Robert Kerr: It was like, four.

Jonathan Curry: It was about four pages, and one of them was a title page, and one was a “This page intentionally left blank.” So really it was, nothing to see here.

Robert Kerr: “We’re all going to be here. Yeah, we’re all going to be here, and don’t panic, anybody. Things will be precisely as functional as they were before.”

Jonathan Curry: That’s right. So why would it matter, though, if the IRS was shutting down? And also, I’ll add to that, do you see a difference between a three-to-five-day shutdown and a 30-day shutdown?

Robert Kerr: Why does it matter? It matters because the process of turning on and turning off is time-consuming and wasteful.

So whatever machinations the agency has to go through for a shutdown and reverse for starting back up, that’s wasted time, wasted effort. That did not accomplish anything for taxpayers. That did not accomplish anything for tax administration.

So we also at this point have a filing season to prepare. We have work to do, frankly, on compliance, on pulling together notices to put out on the collection notice stream, and arguably, none of those are going to happen. I am not sure about filing season. They might be considered essential. It’s deeply disruptive.

And the longer this goes on, the more, of course, just the more disruptive it is. And it’s terrible for employee morale as well, because while these folks will, with almost 100 percent certainty, get paid, they won’t get paid during the shutdown, and for some, that’s a real hardship.

Jonathan Curry: Yeah. I recall during the last shutdown plan, when the IRS didn’t have the Inflation Reduction Act money to pull from, that was in what they would call fiscal year 2022, that plan actually distinguished between the filing season and the nonfiling season.

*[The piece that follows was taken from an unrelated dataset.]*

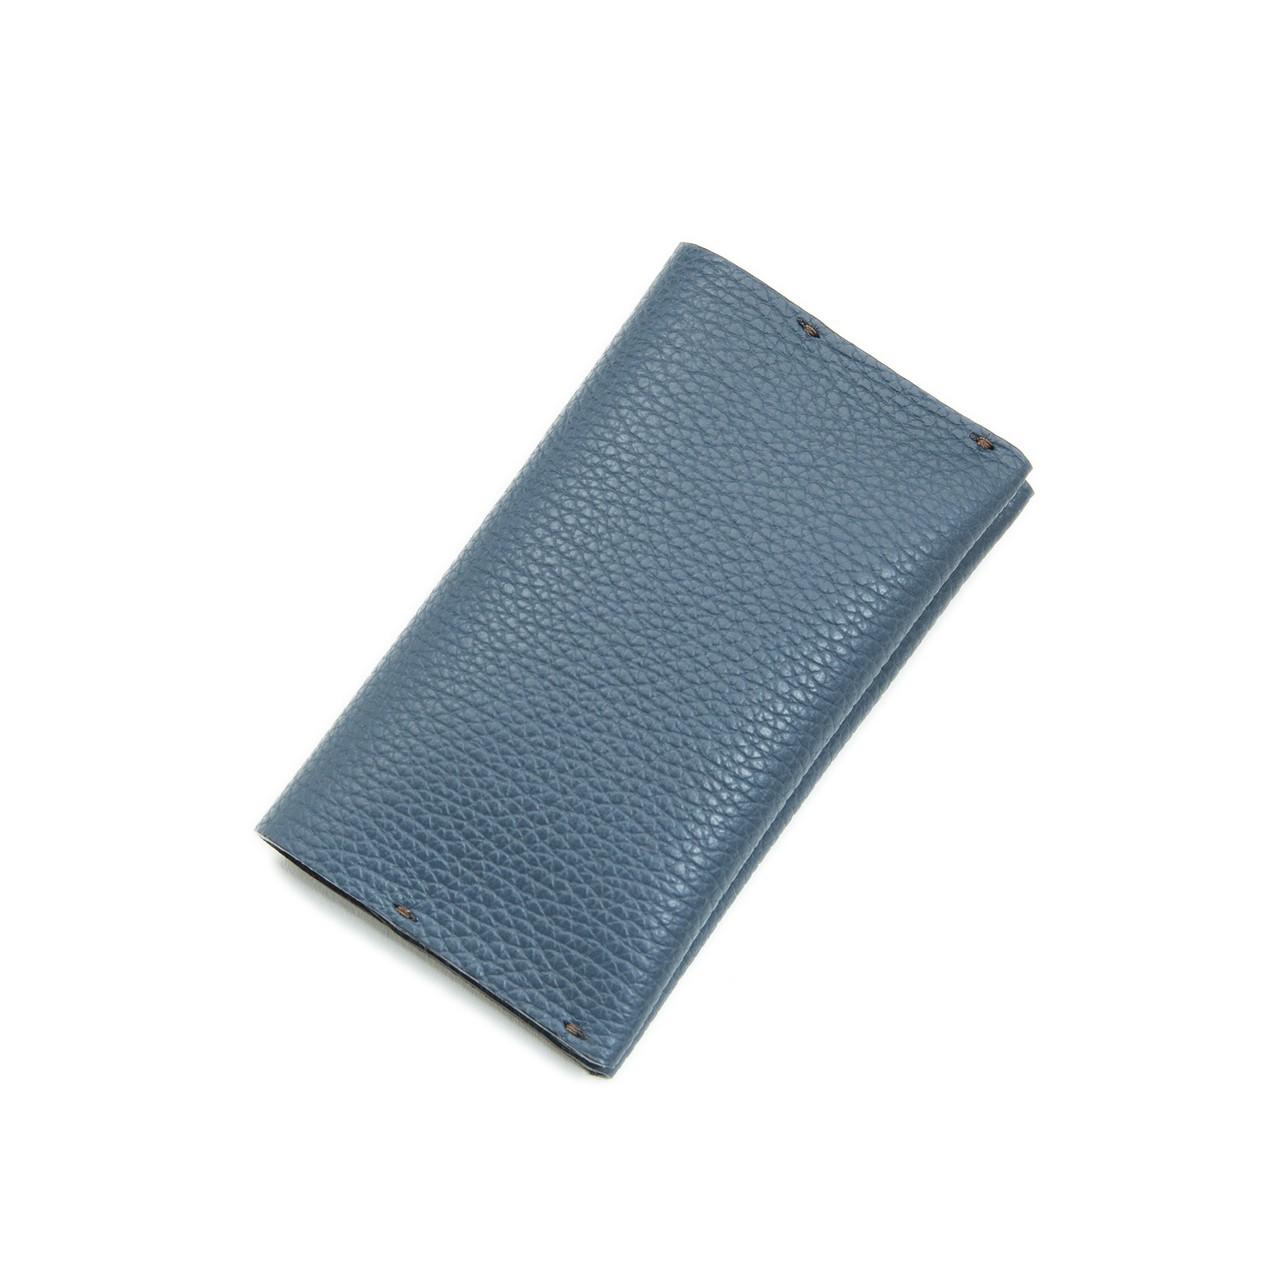 薄型二つ折りカードケース-WRAP CARD CASE BLUE

So a certain number of employees would be furloughed during the nonfiling season before January 1 of the following year, and then if the shutdown continued, they’d have a different plan for certain employees who would be deemed essential.

Now, a lot of those might be customer service representatives that would handle the phone call influx that would be coming. But it does seem like the filing season is a big topic weighing on the IRS’s mind leading up to and going into the next year.

Robert Kerr: Well, it always is, and the issue then becomes, which shutdown is going to be of concern? Will there be a beginning of fiscal year shutdown? Or there’s other patterns. We’ve seen CRs, continuing resolutions, and then we see, how about a January shutdown? How’s that going to be for you, IRS? Oh, yeah, that’s going to be really not great for IRS. None of it’s good. None of it’s good for IRS.

Jonathan Curry: Well, Bob, thank you so much for joining us today. It’s been a pleasure having you. Thank you for weighing in on all these topics. And I’ll just note that all of these are ongoing storylines. None of them have conclusively ended, and we’ll see how they play out.

Robert Kerr: Absolutely, and it’s a pleasure to be here. Thanks for inviting me out.